According to the principle of a multichannel analyzer (MCA), each pulse amplitude in the X-ray fluorescence spectrum corresponds to a count in the energy histogram. When the pulse output of the measurement system experiences an amplitude loss during the digital processing stage, the corresponding histogram drifts to the left. When the number of pulses is sufficient, false characteristic peaks exist in the generated energy spectrum. For samples with a single component, the number of characteristic peaks of the elements in the measured full spectrum is limited. Therefore, the pulse amplitude output of the measurement system mostly fluctuates within a small range of fixed values, which determine the energy resolution of the spectrum. Quantification was performed based on the half-widths of the characteristic peaks in the spectrum. The 20 simulated pulses mentioned earlier were analyzed using traditional MCA as an example. Owing to the normalization of the input pulse amplitude in the model, the channel address range of the full spectrum was set to 01, including 1000 channel addresses. When the pulse with an amplitude of 0.6 is increased by one, the count on the channel address of 0.6 increases by one, resulting in an X-ray spectrum, as shown in Fig. 7(a).

Fig. 7
(Color online) Simulated energy spectrum (a) without the model and with a total count of 20; (b) with the model and a total count of 20; (c) without the model and with a total count of 2000; (d) with the model and a total count of 2000
pic

In this figure, the channel address range of the characteristic peak ROI is approximately 0.610–0.628 with a peak area of 19. A false peak formed by distorted pulses appeared near the 0.484th channel address on the left side of the characteristic peak, with a peak area of 1, as indicated by the green shaded area in Fig. 7(a). The CNN-LSTM model proposed in this study was added before the MCA unit to achieve an accurate estimation of the pulse parameters. A histogram of the characteristic peaks obtained using the model is shown in Fig. 7(b), with the ROI of the characteristic peaks reduced to approximately 0.600–0.609; however, the total count within this range increased to 20. Therefore, using the model to estimate the pulse amplitude not only ensures that the counting of characteristic peak areas is not lost but also eliminates false peaks caused by pulse distortion.

4.2
Experimental results
4.2.1
Analysis of generalizability experiment results

To conduct a more thorough statistical analysis of the model performance and address potential biases in the simulation dataset used for model training, a 55Fe standard source was used as a test object in the experimental testing phase to provide sufficient pulse sequences for the analysis of the experimental results.
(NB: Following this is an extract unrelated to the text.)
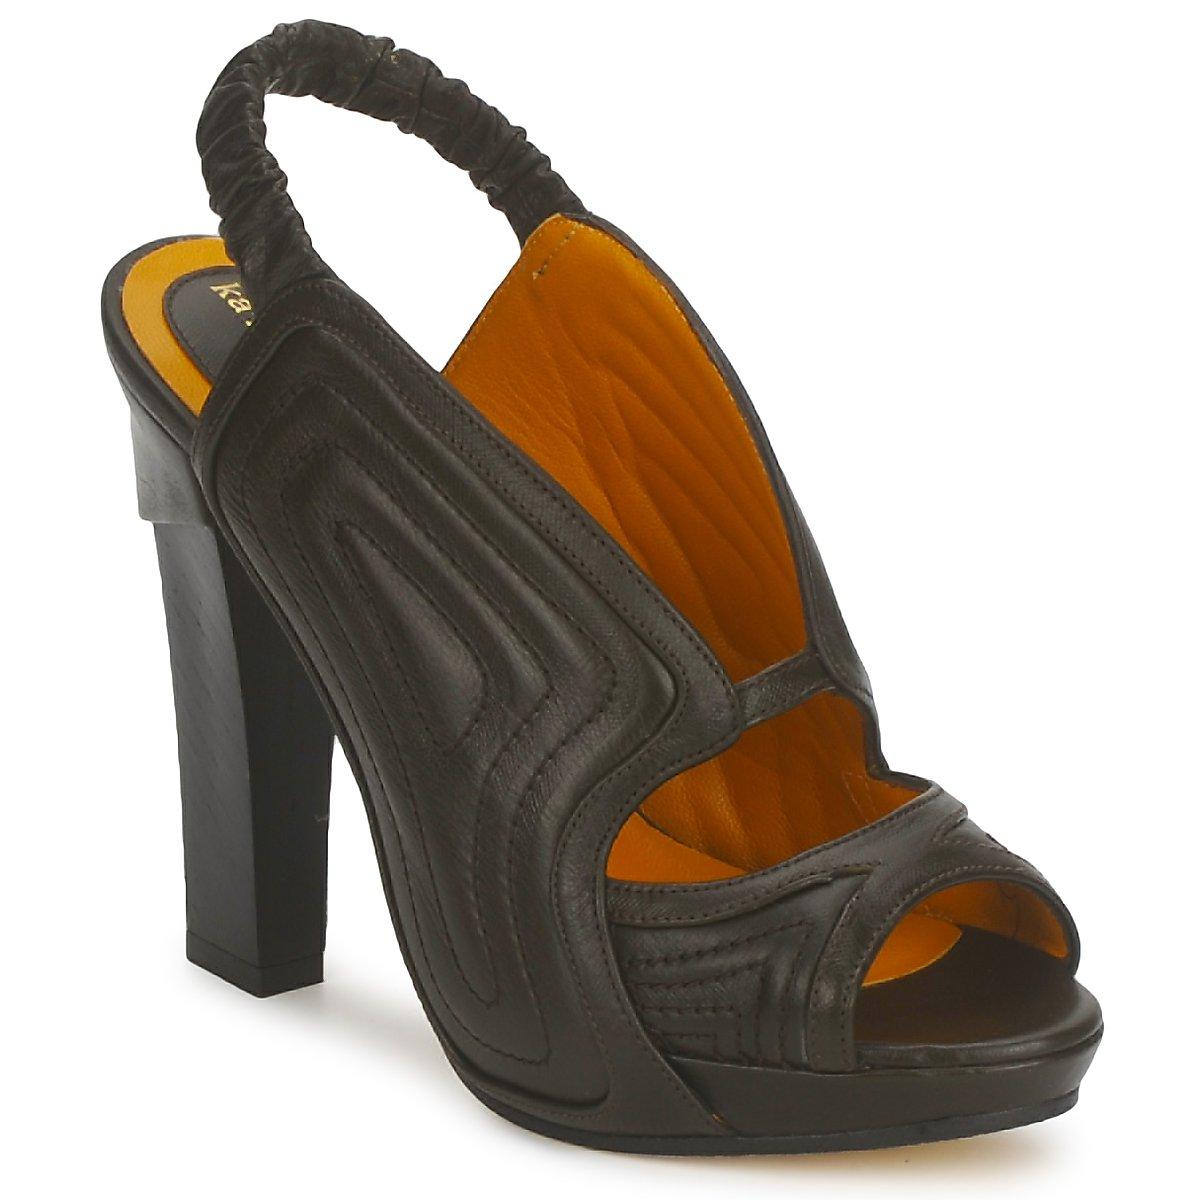 Karine Arabian ORPHEE Schwarz - Kostenloser Versand bei Spartoode ! - Schuhe Sandalen / Sandaletten Damen 274,50 €
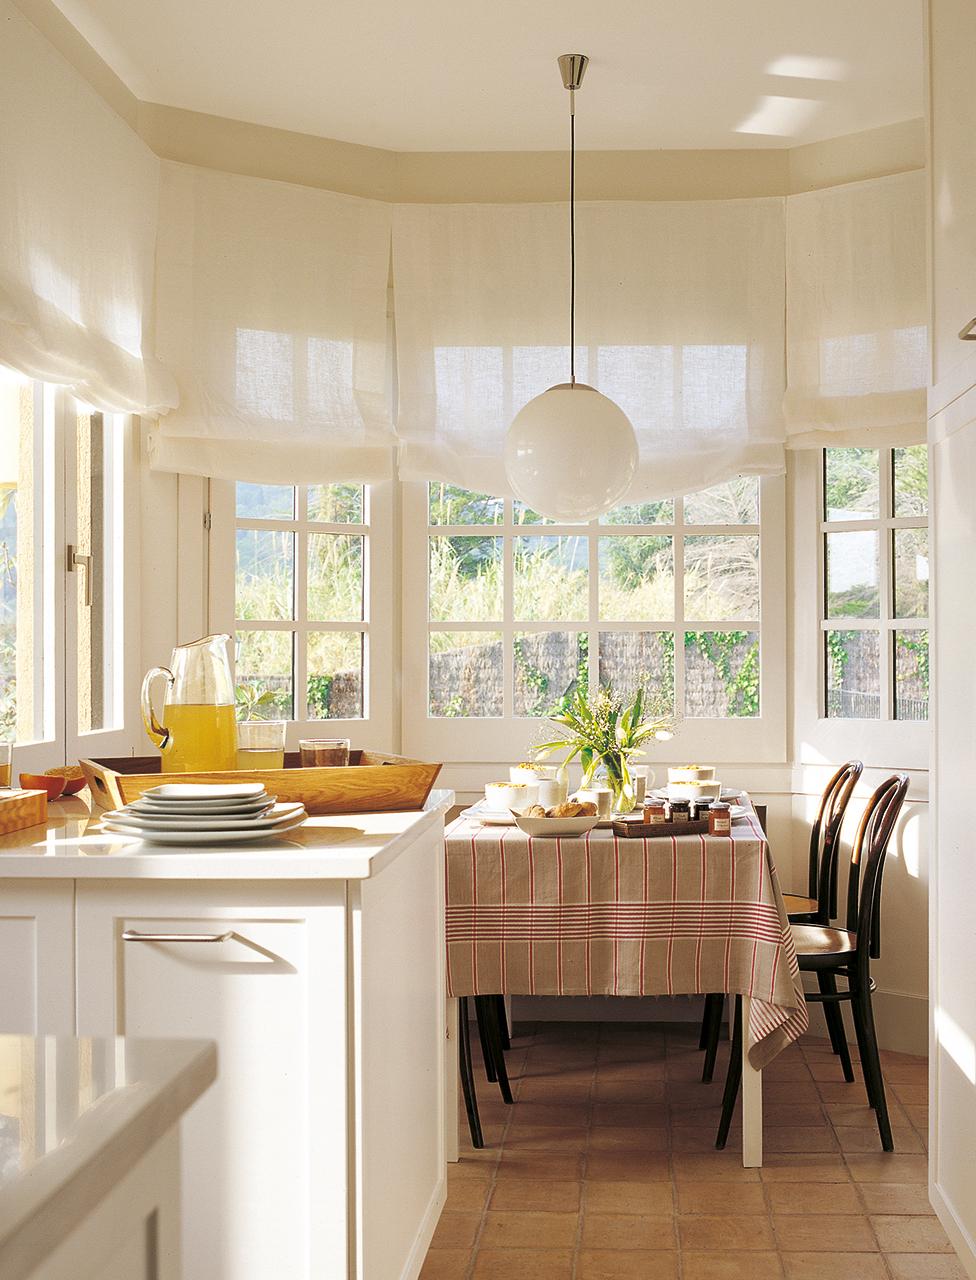 Un office ideal en la cocina - Cocinas office pequenas ...

The experimental conditions were configured as listed in Table 4.

Table 4
Details of the experimental setup
Category Details
Source KYW2000A X-ray tube with Ag target
  Current: 8 μA
  Maintain voltage: 35 kV
Samples 55Fe standard source (Count rate: 7.553×103 cps)
Detector FAST SDD (123 eV FWHM Resolution @ 5.9 keV)
  Application area: high counting rate>1,000,000 CPS
  Be window (0.5 mil)
  Footprint: TO-8
  Active area: 50 mm2
Digital system ADC9235 with a resolution of 12 bits
  Sampling frequency: 20 Msps
Show more

Using the experimental platform listed in Table 4, the pulse sequence during the measurement process was saved offline to obtain the measured pulse dataset. The pulse dataset was processed according to the processing method of Dataset II to obtain a negative exponential pulse dataset with approximately 40–80 effective sampling points. After trapezoidal shaping of the pulses in this dataset, the required validation dataset was obtained, which was defined as Dataset III, and used to validate the trained model and demonstrate its generalizability. Dataset III contained 5000 pulses with an amplitude range of approximately 20–2000 mv. Each pulse contained 256 sampling points and one amplitude parameter.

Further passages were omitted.